The important thing for public bodies to remember is that in order to enforce any restriction or limitation on public comment, the public body must have adopted written rules for public comment. Those rules are critical in supporting a public body's right to control public comment at a meeting and is the first thing the Attorney General is going to ask to look at if a citizen files a complaint regarding his or her rights to public comment. Having a longstanding practice in place for public comment will not be sufficient according to the Attorney General, so if you don't have rules in place and you are limiting public comment in any way, you should consider establishing written rules.

Post Authored by Julie Tappendorf

Thursday, September 29, 2016

The IHSA is Not a Subsidiary Body Under FOIA (part 3)… The Saga Continues

Last year, we reported on a circuit court decision ruling that the Illinois High School Association (IHSA) was not a public body for purposes of the Illinois Freedom of Information Act.  Over the summer, we wrote about this case again when the Illinois Appellate Court affirmed that ruling, denying the Better Government Association’s (BGA) appeal. The BGA then filed a Petition for Leave to Appeal to the Illinois Supreme Court, which recently agreed to hear the case. 

The Illinois Supreme Court will be tasked to determine whether the Appellate Court was correct in finding that the IHSA was not a "subsidiary public body" under FOIA.  As you may recall, the appellate court looked to the three part test used by the Open Meetings Act in applying the definition of “public body:”

(1)  whether the entity has a legal existence independent of government resolution;
(2)  the nature of the functions performed by the entity; and
(3)  the degree of government control exerted.

Under that test, the court found that the IHSA, a non-profit 501(c)(3) organization, has an independent legal existence separate from its member schools.
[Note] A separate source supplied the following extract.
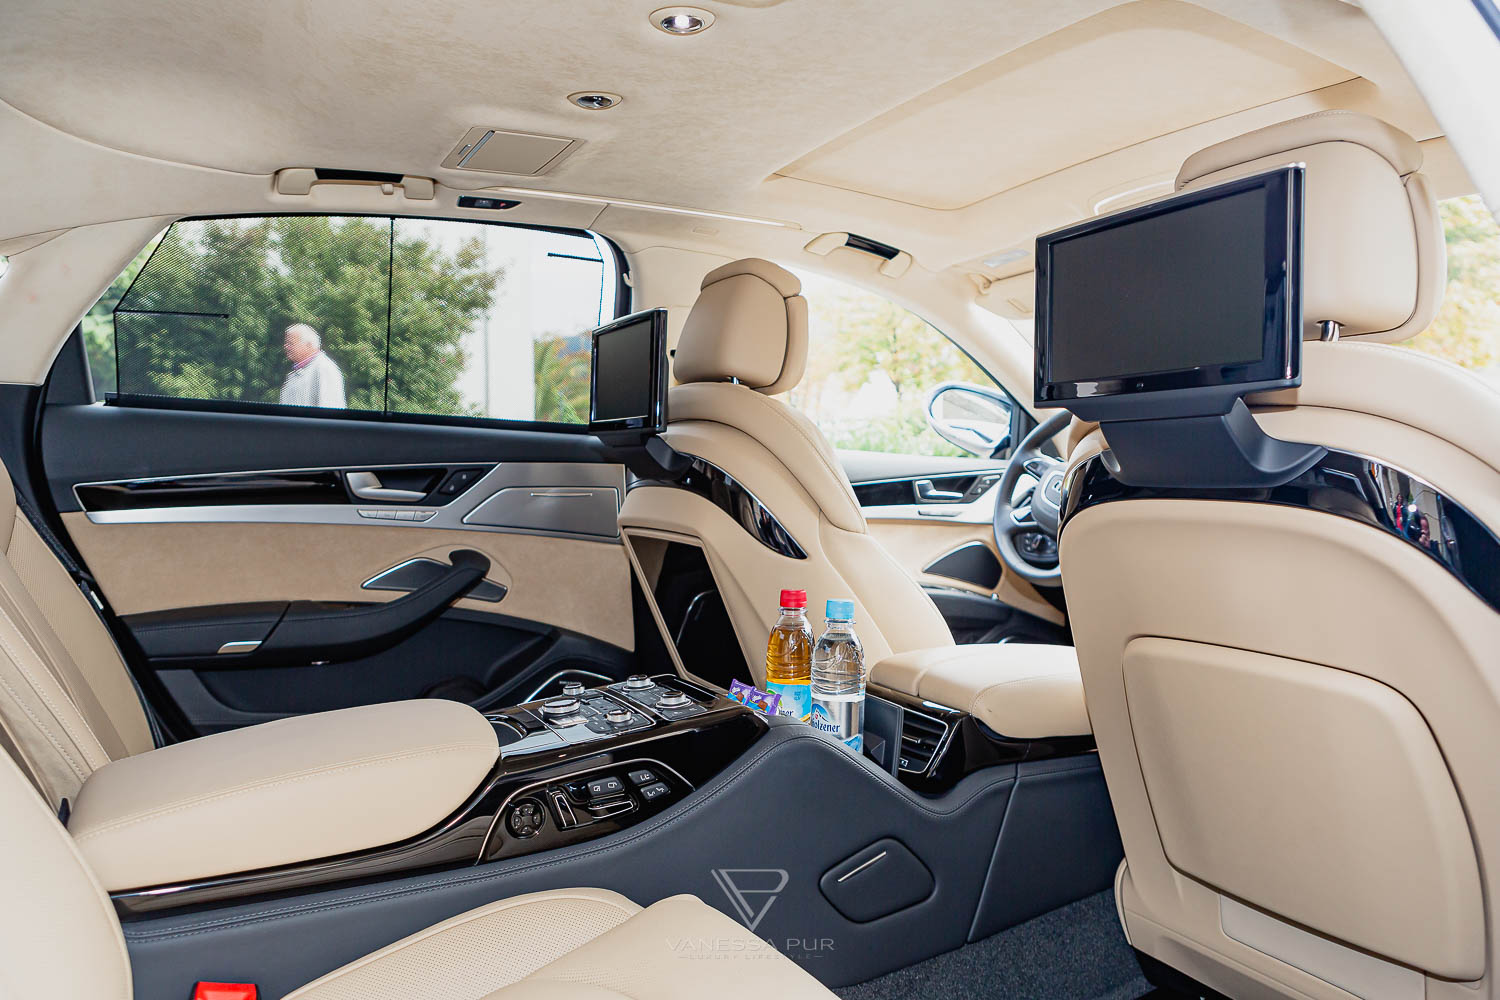 AUDI A8L 6.3 W12 - Fahrbericht mit Business Class Feeling und Luxus-Limousine Luxusauto mit Liegesitz im Test und Erfahrung zum Event als VIP

It further determined that the IHSA does not perform public, governmental functions, and that the IHSA does not receive governmental funding, leading the appellate court to determine what the IHSA was not a “subsidiary public body” and not subject to FOIA.

We will continue to watch the developments in this case and keep you posted on the Illinois Supreme Court proceedings. This case will likely provide public bodies with more definitive guidance on how courts will interpret the "subsidiary public body" language in both the OMA and FOIA.